FIRENZE. Secondo l’Organizzazione mondiale del turismo (WTO) la capacità di carico di una località turistica è costituita «… dal numero massimo di persone che visitano, nello stesso periodo, una determinata località senza compromettere le sue caratteristiche ambientali, fisiche, economiche e socio-culturali e senza ridurre la soddisfazione dei turisti». Si tratta di un concetto ambiguo e che può modificarsi notevolmente secondo il contesto specifico, come è facile capire: difficile credere che vi possa essere un’eguale applicazione di tale concetto in città come Parigi, Londra, Berlino, Madrid e Firenze, Roma, Napoli, Venezia, Palermo.

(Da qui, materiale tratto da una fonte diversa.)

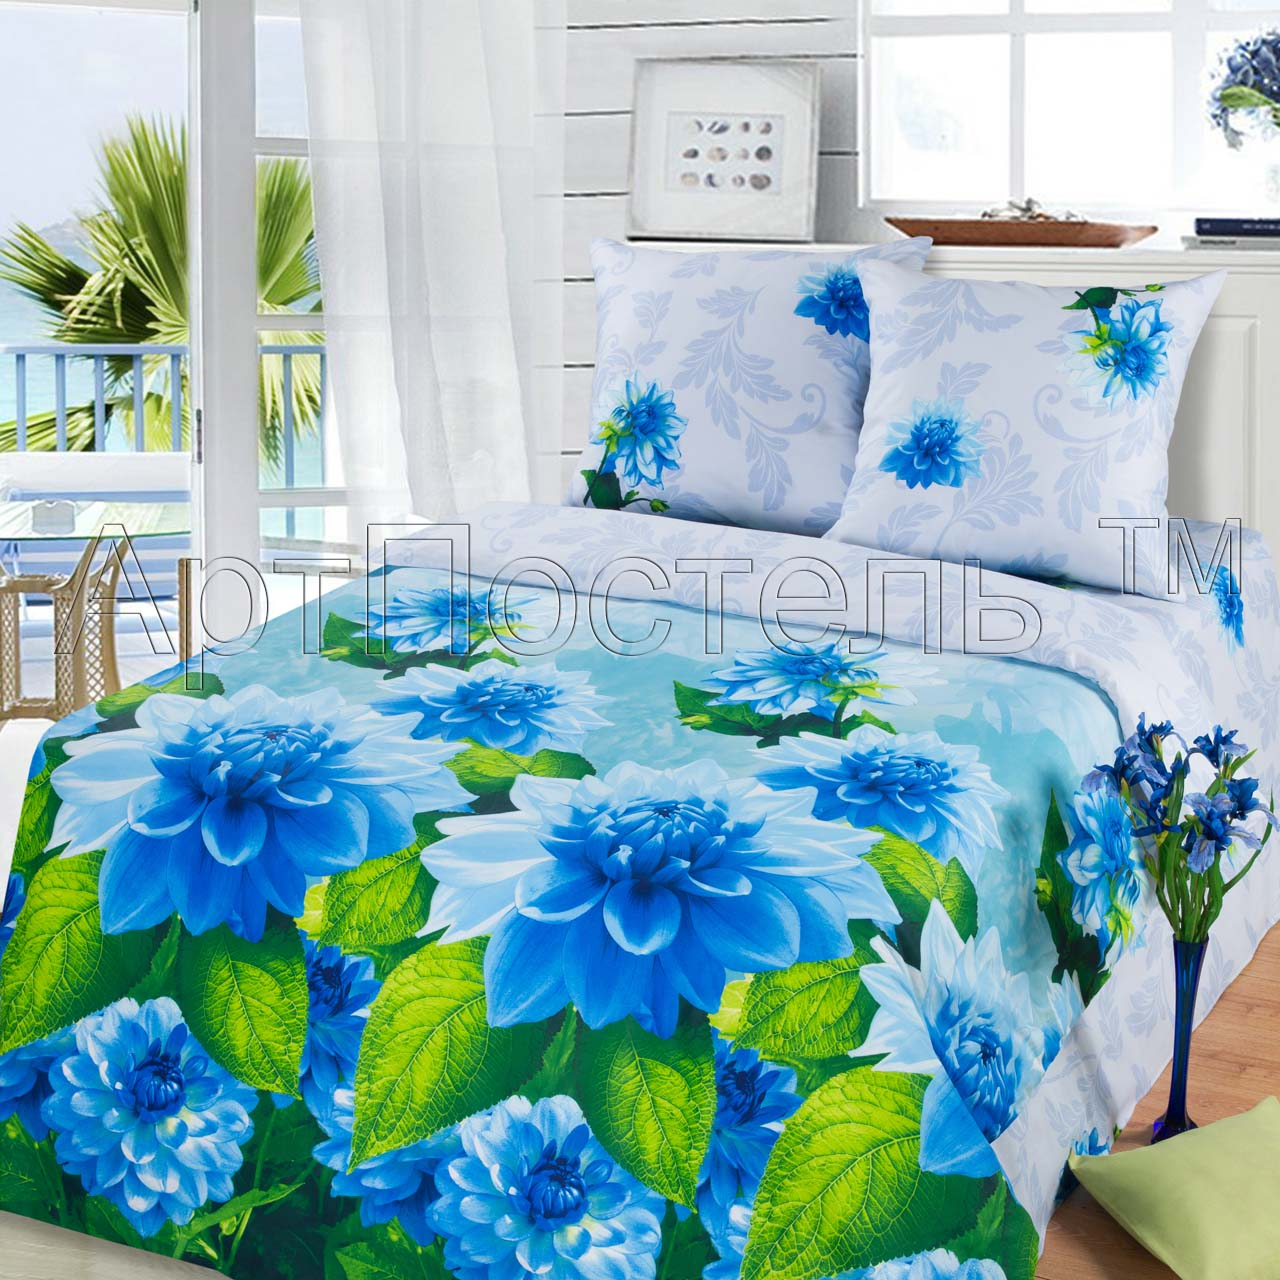 Постельный комплект 1,5 спальный «Герцог», размер 1,5 сп. - Постельное белье артикул: 8028

Si tratta anche di un concetto assai diverso da quella CCA (capacità di carico turistica) discussa all’interno dell’Agenda 21 di Rio de Janeiro nel 1992, nella quale essa si definiva come «… strumento di valutazione di uno sviluppo sostenibile integrato, misurabile con indicatori di sostenibilità e di qualità della vita e con l’attiva partecipazione dei cittadini abitanti delle città dove il turismo aveva caratteristiche di massa».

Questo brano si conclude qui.